2. The method of claim 1, wherein the step of receiving the first speech signal and the first sound watermark signal respectively comprises:

receiving a network packet via a network, wherein the network packet comprises the first voice signal and the first sound watermark signal; and

the first voice signal and the first voice signal are identified according to an identifier in the network packet.

3. The method of claim 1, wherein the steps of receiving the first speech signal and the first audio watermark signal respectively comprise:

receiving a first network packet via a network, wherein the first network packet comprises the first voice signal; and

receiving a second network packet via the network, wherein the second network packet includes the first sound watermark signal.

4. The method of claim 1, wherein the host path is used for voice call or multimedia playback, and the offload path is used for alert tone, ring tone or music playback.

5. The method of embedding a sound watermark according to claim 1, further comprising:

performing, by a host processor, signal processing on the host path; and

signal processing on the offload path is performed by a second processor.

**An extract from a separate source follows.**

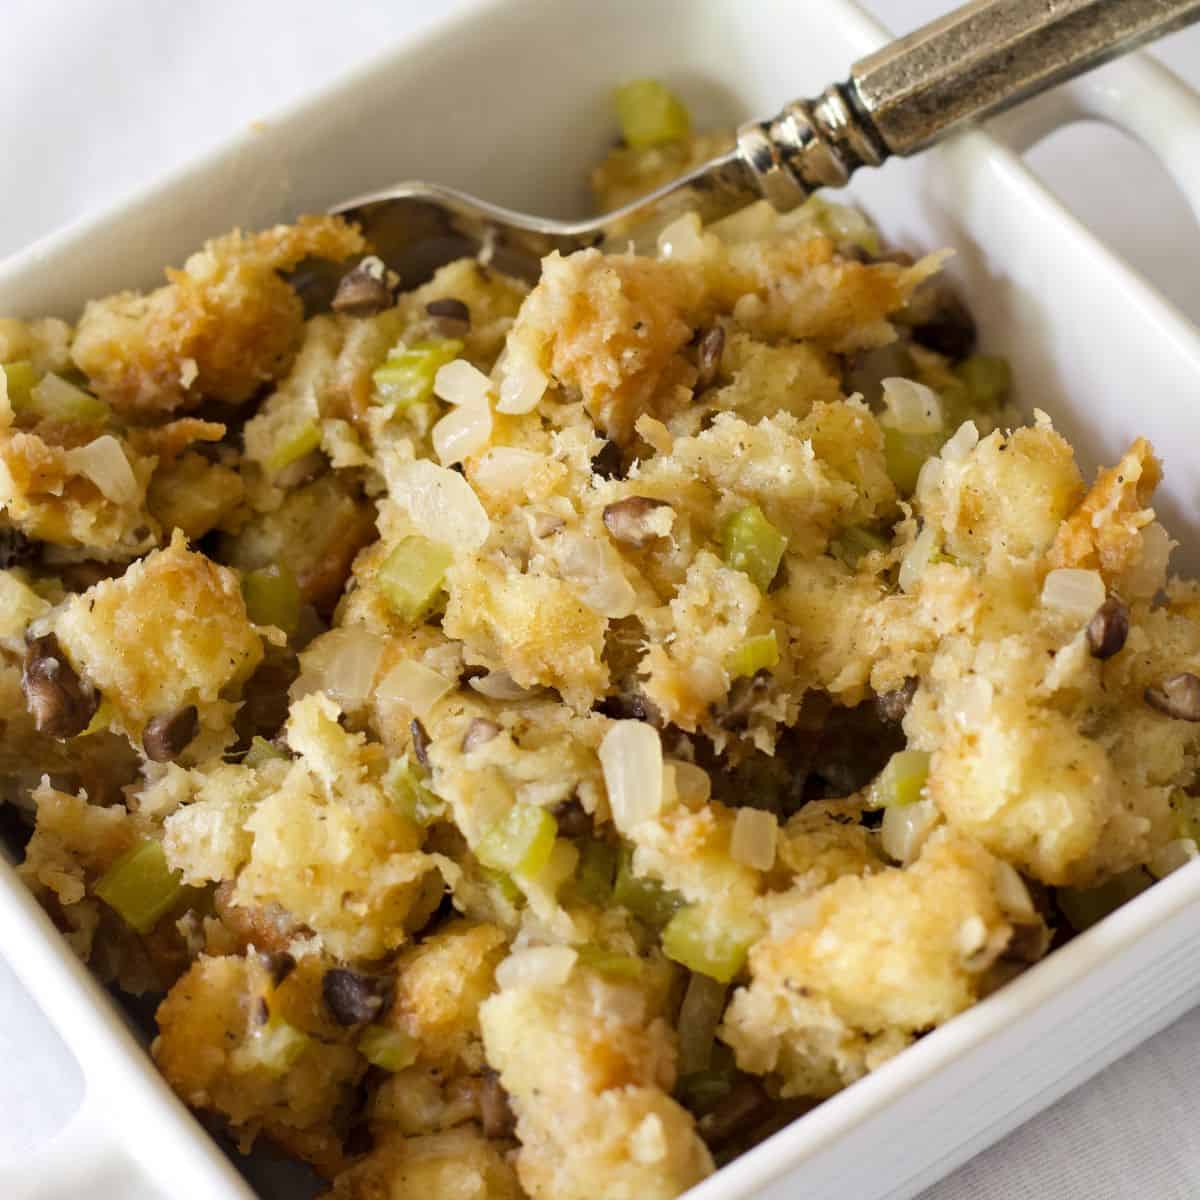 Homemade Stovetop Stuffing (Quick & Easy!)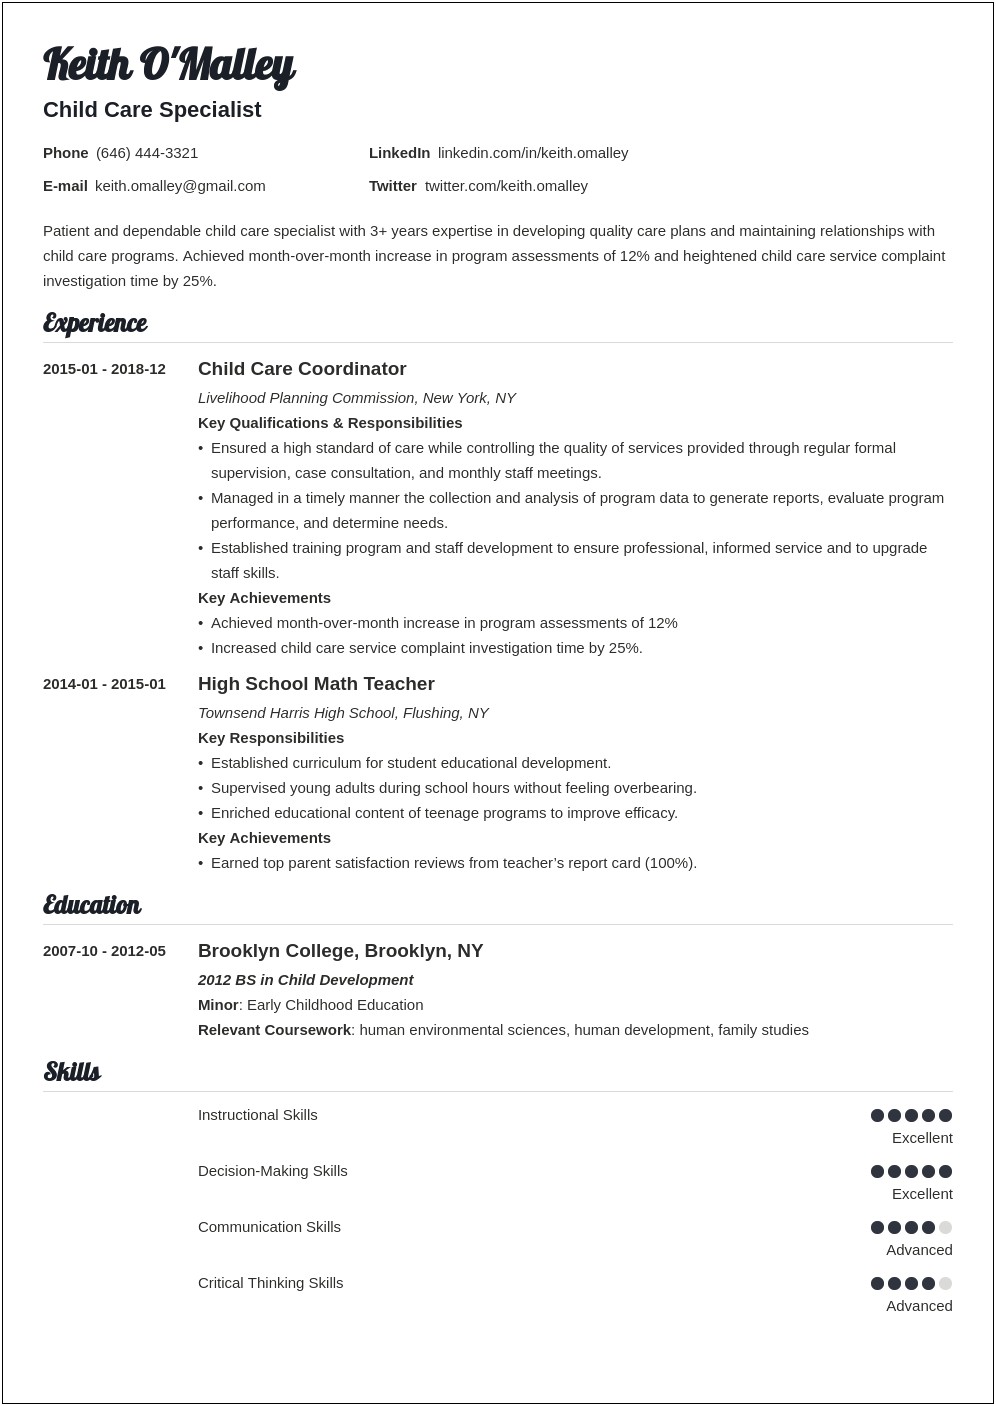 Child Care Resume Career Objective

6. A conference terminal, comprising:

a radio for recording;

a speaker for playing sound;

a communication transceiver for transmitting or receiving data; and

a processor coupled to the radio, the speaker, and the communications transceiver, wherein the processor is configured to:

receiving a first voice signal and a first sound watermark signal through the communication transceiver respectively, wherein the first voice signal is related to the voice content of a speaker corresponding to another conference terminal, and the first sound watermark signal corresponds to the another conference terminal;

7. The conference terminal of claim 6, wherein said processor is further configured to:

receiving, by the communications transceiver, a network packet over a network, wherein the network packet includes the first voice signal and the first sound watermark signal.

8. The conference terminal of claim 6, wherein the processor is further configured to:

receiving, by the communications transceiver, a first network packet via a network, wherein the first network packet includes the first voice signal; and

receiving, by the communications transceiver, a second network packet via the network, wherein the second network packet includes the first sound watermark signal.

9. The conference terminal of claim 6, wherein the host path is for a voice call or multimedia playback and the offload path is for an alert tone, ring tone or music playback.

10. The conference terminal of claim 6, wherein the processor comprises:

a main processor to perform signal processing on the host path; and

a second processor for performing signal processing on the offload path.